Once I had that working, I did the same for `infix:<∩>`. Then I started looking at `infix:<(-)>`. I’ve only ever seen set difference used as a binary operation, so my first step was to think about how to generalize it to N arguments. My thought was `\$a (-) \$b (-) \$c` should be `(\$a (-) \$b) (-) \$c`. If someone has a good reason this shouldn’t be the case, please let me know!

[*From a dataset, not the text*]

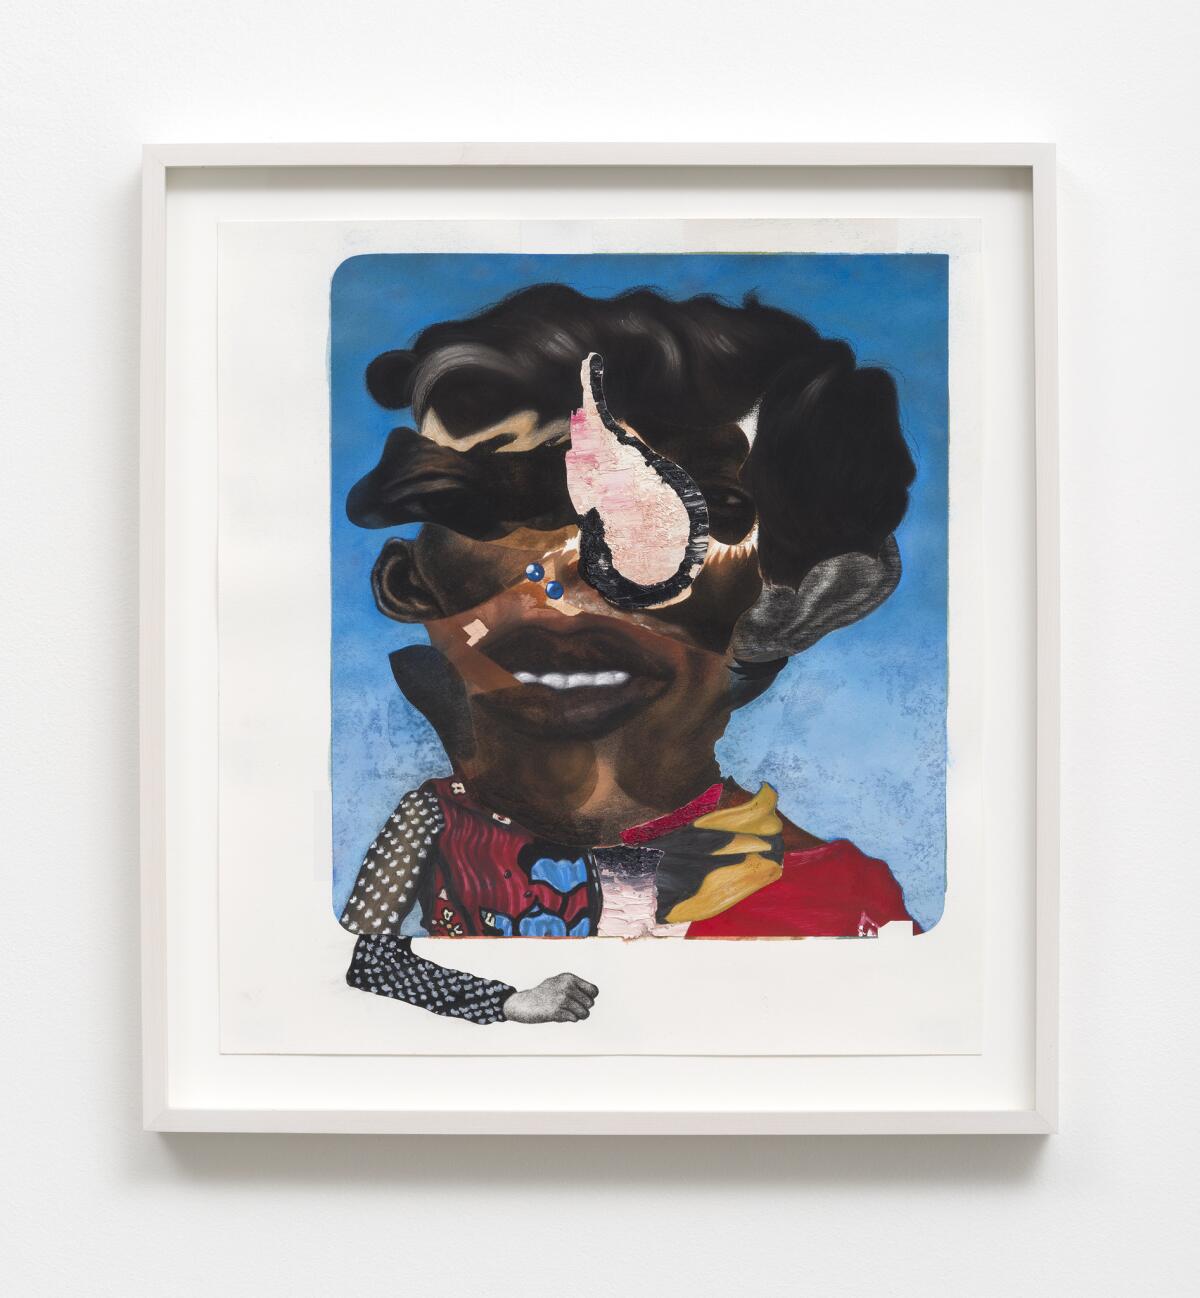 Nathaniel Mary Quinn's "Super-Fly,” 2015. (Nathaniel Mary Quinn / M+B Gallery)
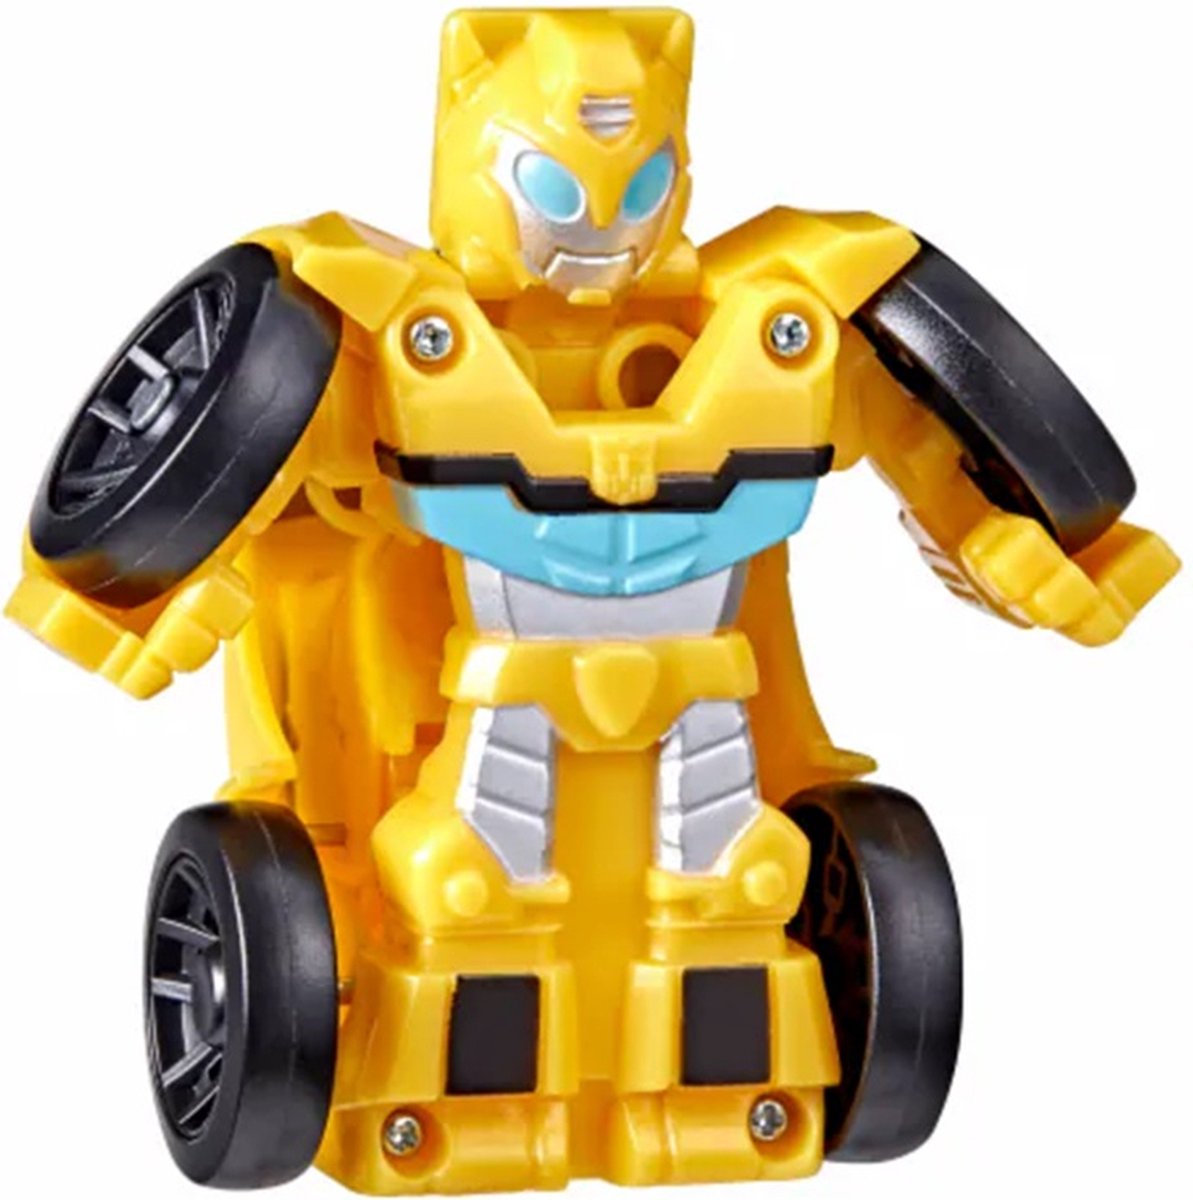 Hasbro Transformers Mini Racer Bumblebee 8 cm groot Actiefiguur Transformeerbaar

Then the next question was, what should `Baggy` objects do here? Previously set difference always converted its arguments to `Set`. But it seemed to me there was a pretty obvious way to do it. After consideration, I concluded it should only use the `Bag` form if the first argument (the “set” things are being subtracted from) was a `Baggy`. Here’s my current code for `infix:<∖>` (note the new name, which is the ISO symbol for set difference rather than the common backslash):

```only sub infix:<∖>(\|\$p) is equiv(&infix:<^>) {
return ∅ unless \$p;
if \$p ~~ Baggy {
my @bags = \$p.map(*.Bag);
my \$base = @bags.shift;
Bag.new-from-pairs(\$base.keys.map({ ; \$_ => \$base{\$_} - [+] @bags>>.{\$_} }));
} else {
my @sets = \$p.map(*.Set);
my \$base = @sets.shift;
Set.new: \$base.keys.grep(* ∉ @sets.any );
}
}
```

This works (I think — I haven’t really tested the `Baggy` functionality, I’ve only run the existing `Set` tests). But it breaks some spectests (which assume set difference always returns a `Set`). And it involves the unspecified details mentioned above, so I’m stepping out on a bit of a limb. So I’m posting here looking for feedback before I commit these changes.

(Edited to add: I’ve also added infix:<⊖> for symmetric difference; that’s one of the standard symbols used, but it’s not ISO standard.)